- #1
karokr94
- 10
- 0
Homework Statement
A mass of 0.5 kg hangs motionless from a vertical spring whose length is 0.90 m and whose unstretched length is 0.45 m. Next the mass is pulled down to where the spring has a length of 1.15 m and given an initial speed upwards of 1.4 m/s. What is the maximum length of the spring during the motion that follows?
Homework Equations
L=length of unstretched spring; (0.45m)
d=length of spring in equilibrium; (0.9m)
x=stretch=(d-L); (0.45m)
mg=kx ---> k=mg/x; (10.89N/m)
Equilibrium position = y = (L+x); (0.9m)
Usi+Ki=Usf
1/2k(1.15-y)^2+1/2mv^2=1/2k(max stretch)^2
The Attempt at a Solution
What I did at first was measure the stretch from the equilibrium position (0.25m) to get Usi and I solved for (max stretch) and added the (max stretch) to the length of the spring in equilibrium. I found some sources online, however, that say I should measure the stretch from the unstretched length? How does that even make sense?
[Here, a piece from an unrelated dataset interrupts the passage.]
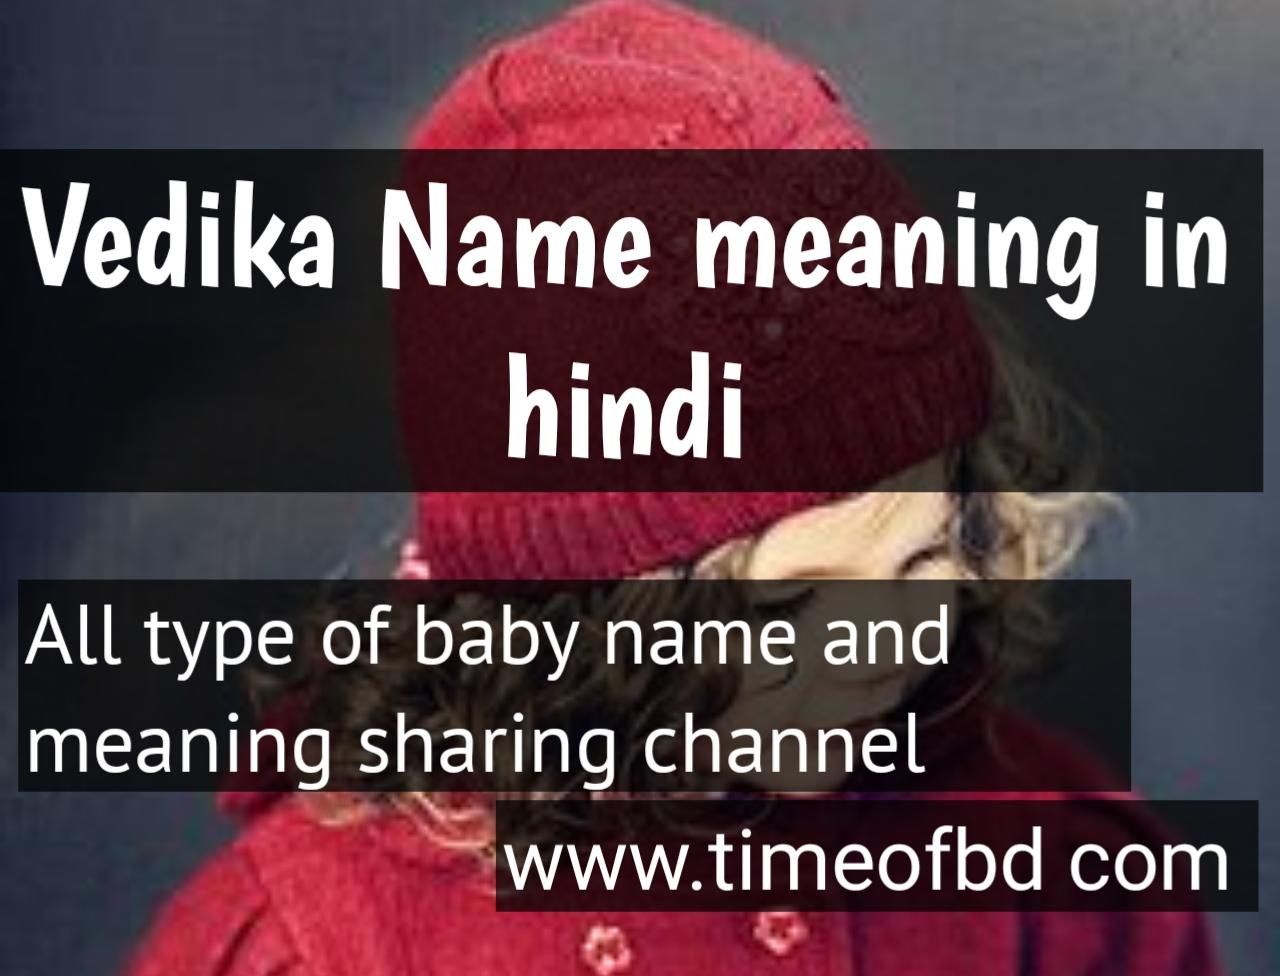 vedika  name meaning in hindi, vedika ka meaning ,vedika meaning in hindi dictioanry,meaning of vedika in hindi

I would look up the answer in an answer key but I don't have one!
Why then does your method work? Turns out that measuring the stretch of the spring form the equilibrium position of the mass on the spring (rather than from the unstretched position of the spring) when calculating the spring's PE exactly compensates for leaving out the gravitational PE! It's a good exercise to show that.